--- Recorded data Enclosed Below ---

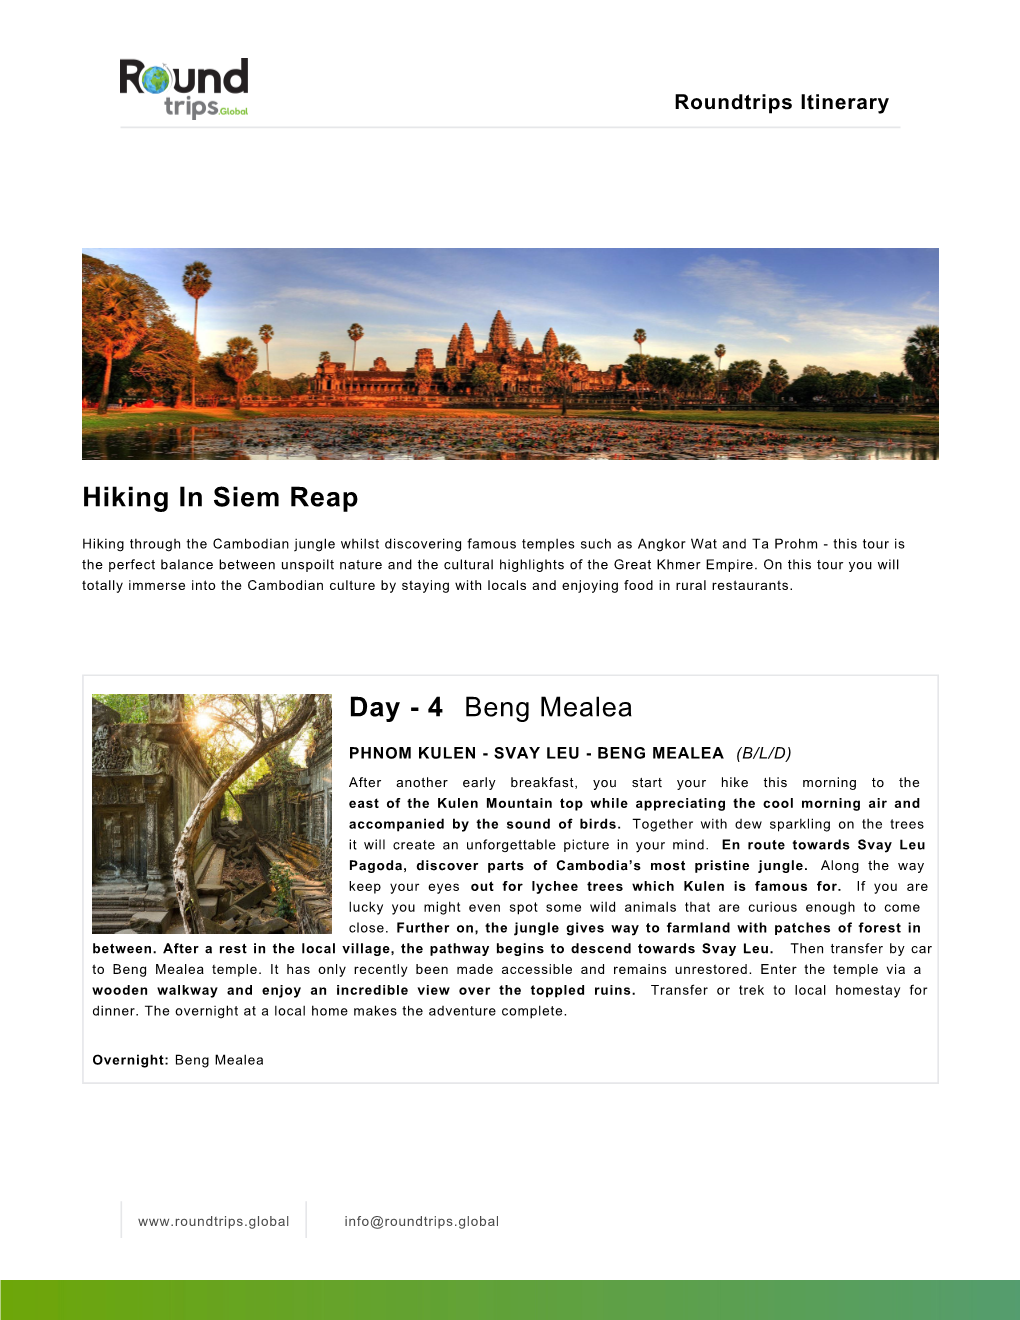 Hiking in Siem Reap
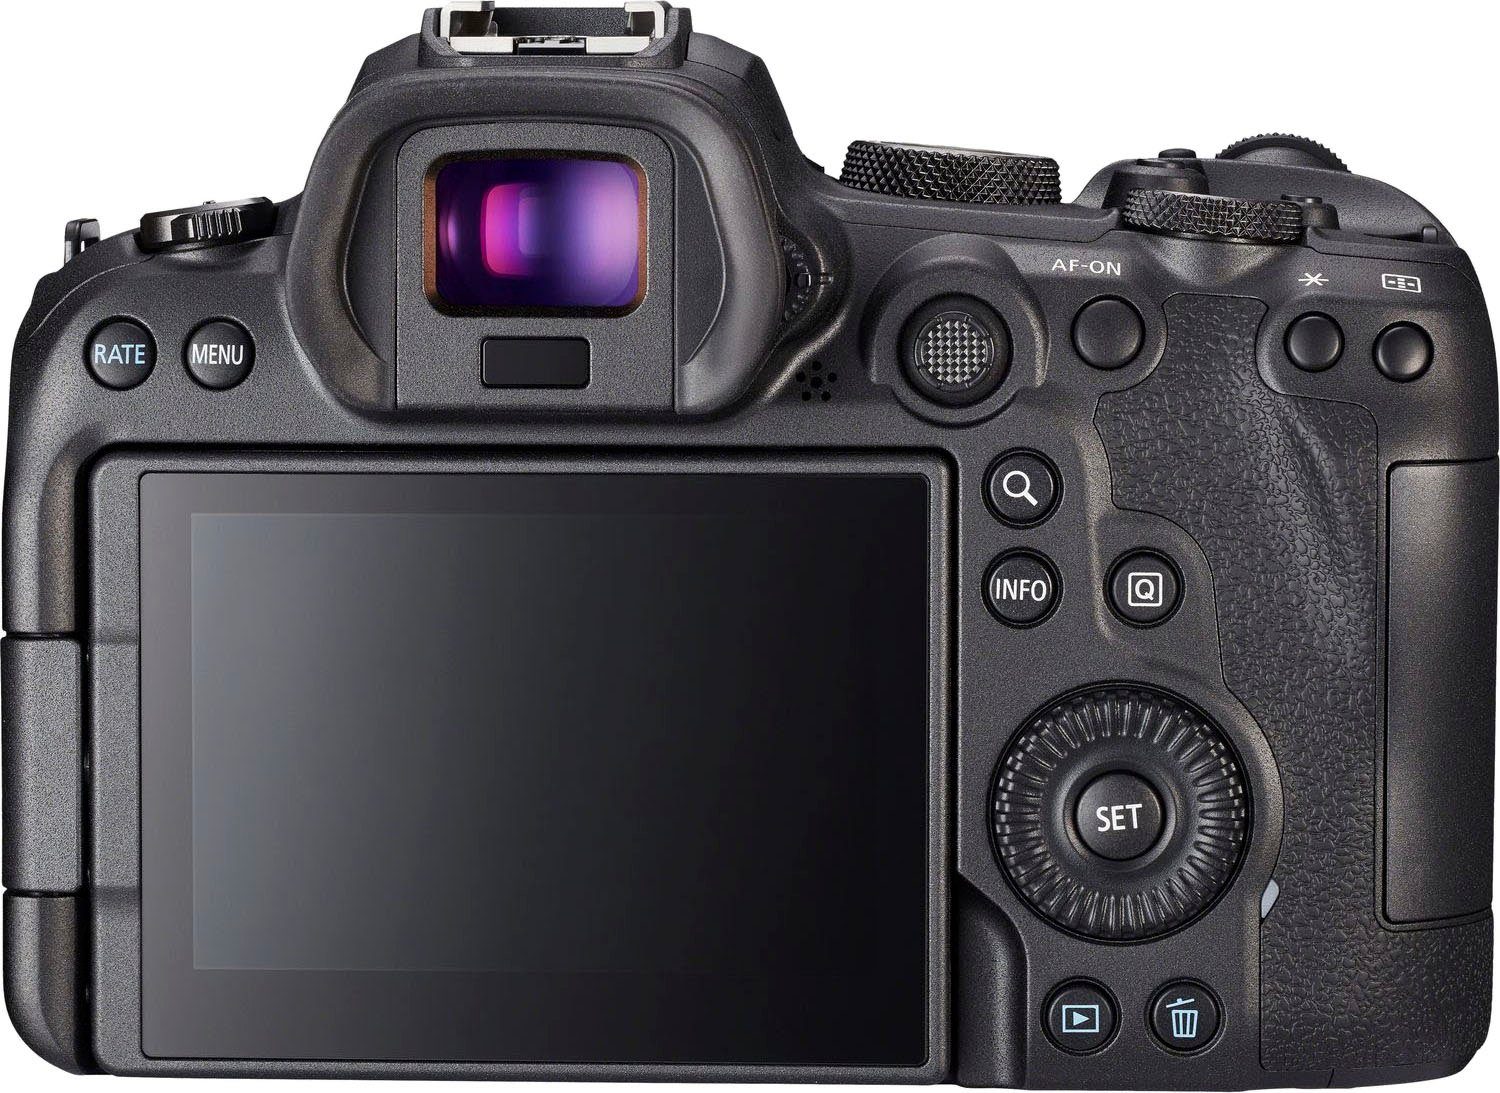 Canon EOS R6 Gehäuse + IS 24-105mm (RF RF Systemkamera F4-7.1 20,1 WLAN MP, 24-105mm IS STM, STM (WiFi) Bluetooth, F4-7.1
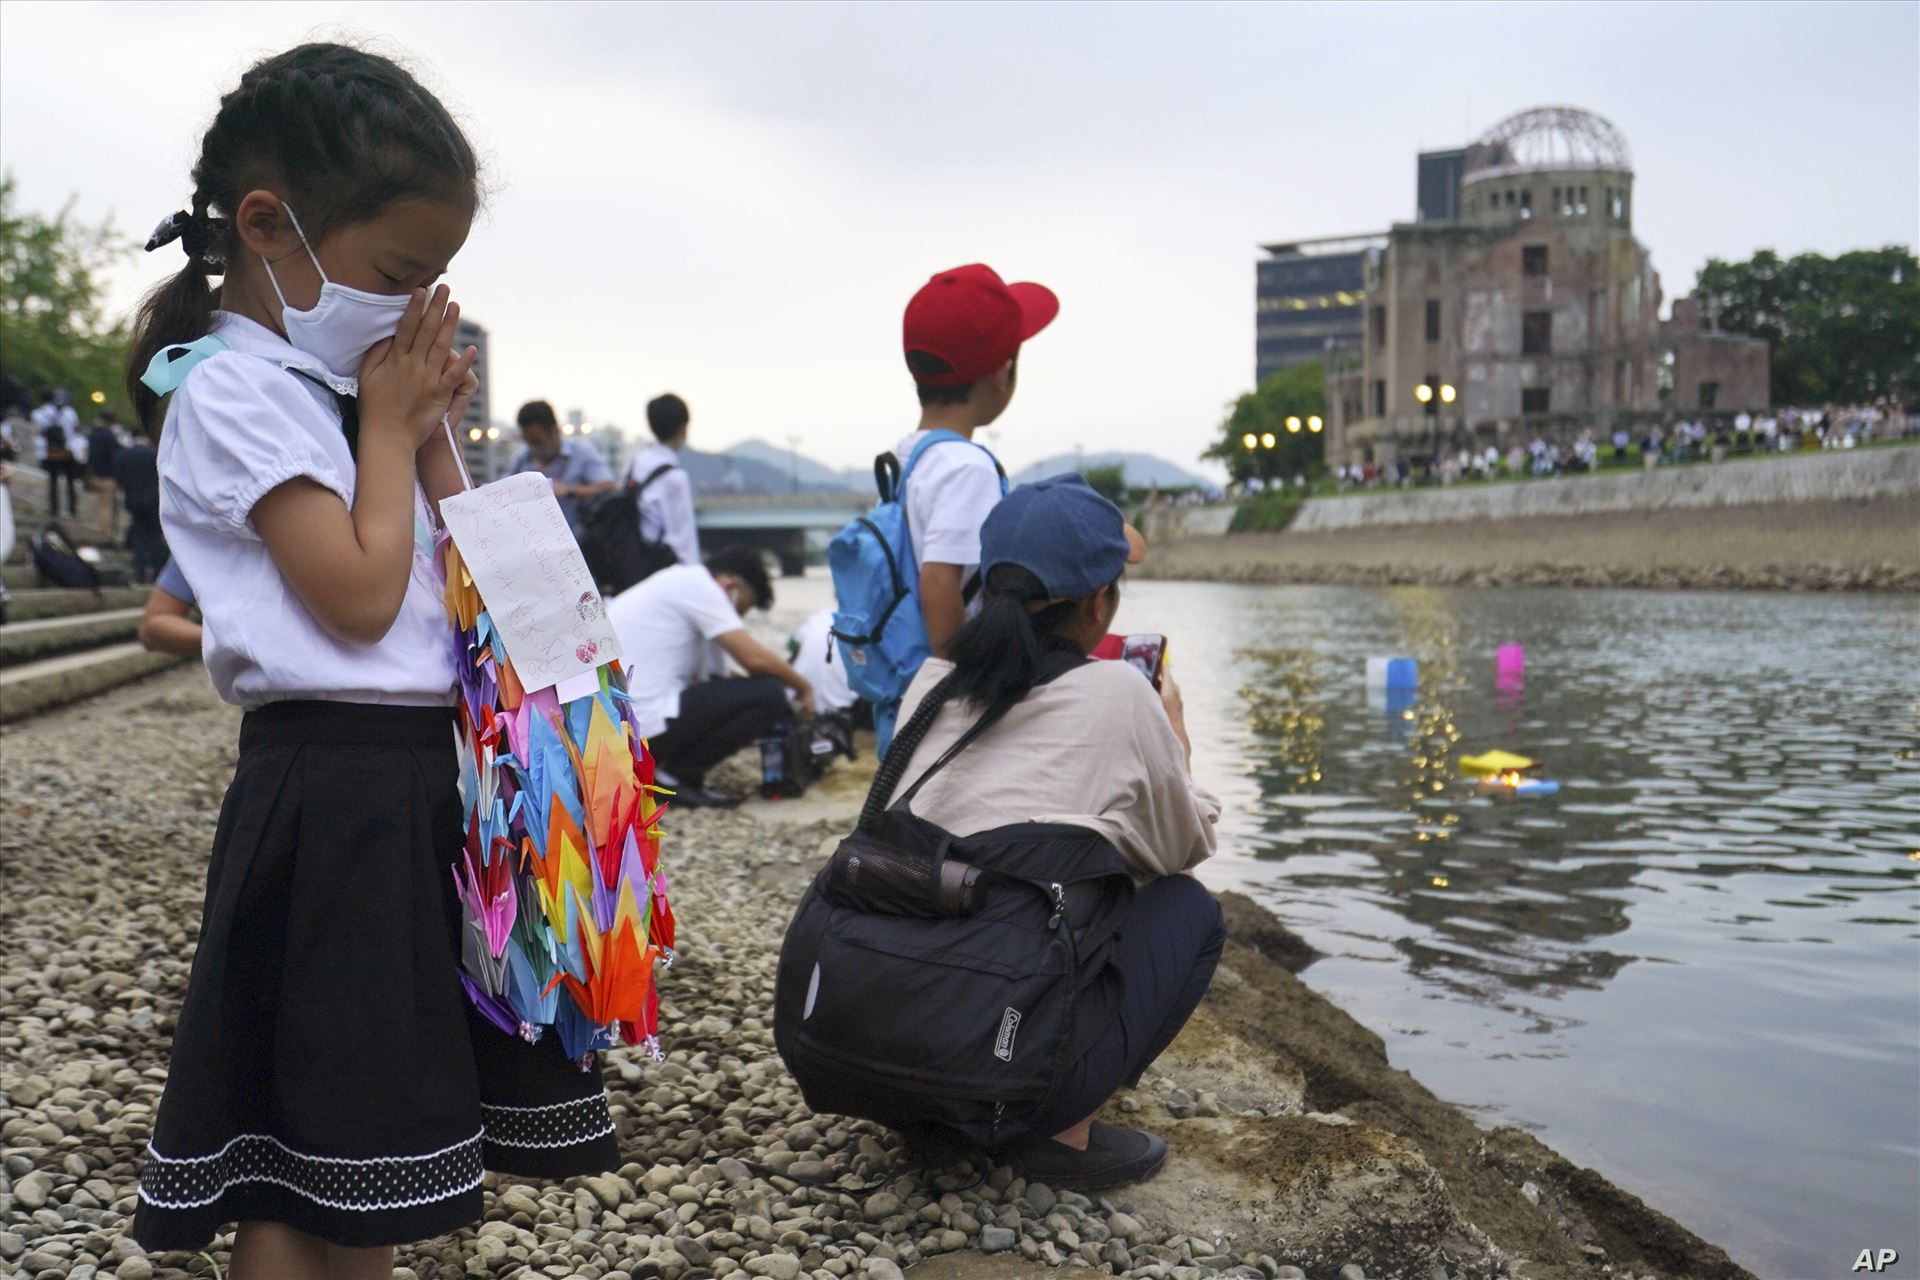 APTOPIX Japan Hiroshima Anniversary - گروهی از ژاپنی ها در هفتاد و پنجمین سالگرد بمباران اتمی هیروشیما که به پایان جنگ جهانی دوم و تسلیم ژاپن منتهی شد. by mohsen dehbashi
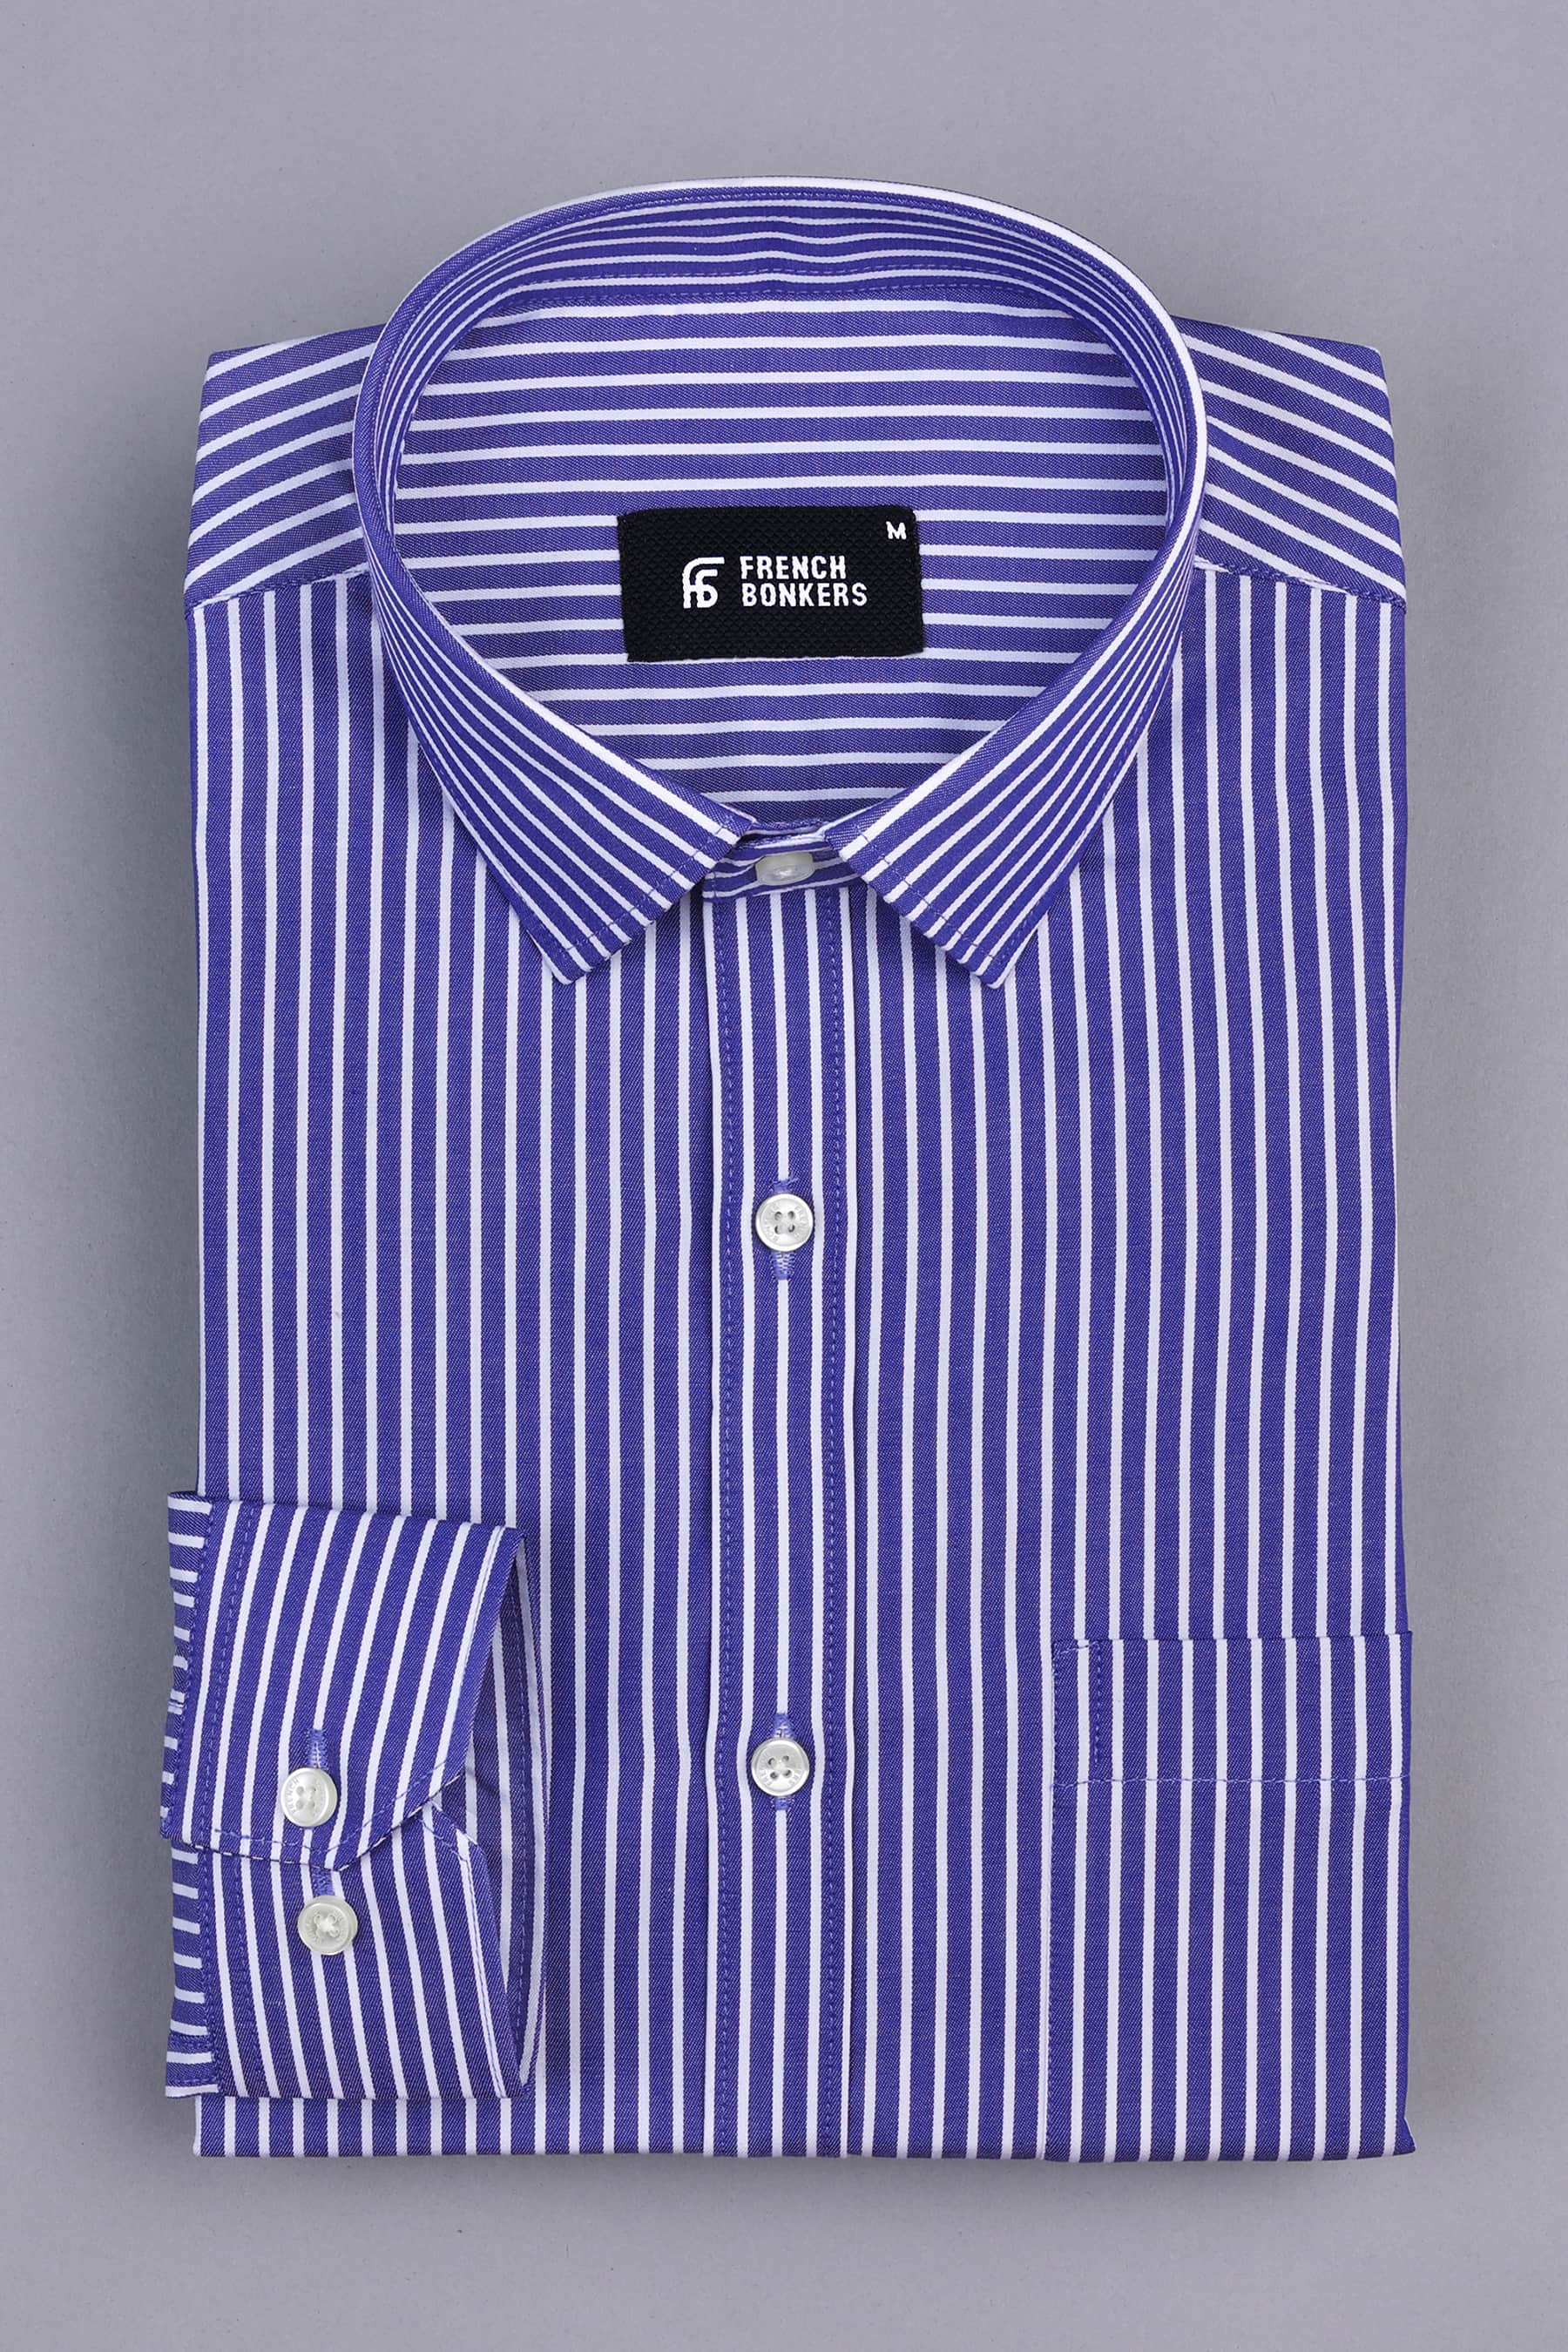 Admiral blue with white regency stripe cotton shirt

--- End of Enclosed Recorded data ---

• _Work request_:
Please give back the material above exactly as written, pictures omitted.

• _Worked solution_:
 Hiking in Siem Reap
 Canon EOS R6 Gehäuse + IS 24-105mm (RF RF Systemkamera F4-7.1 20,1 WLAN MP, 24-105mm IS STM, STM (WiFi) Bluetooth, F4-7.1
 APTOPIX Japan Hiroshima Anniversary - گروهی از ژاپنی ها در هفتاد و پنجمین سالگرد بمباران اتمی هیروشیما که به پایان جنگ جهانی دوم و تسلیم ژاپن منتهی شد. by mohsen dehbashi
 Admiral blue with white regency stripe cotton shirt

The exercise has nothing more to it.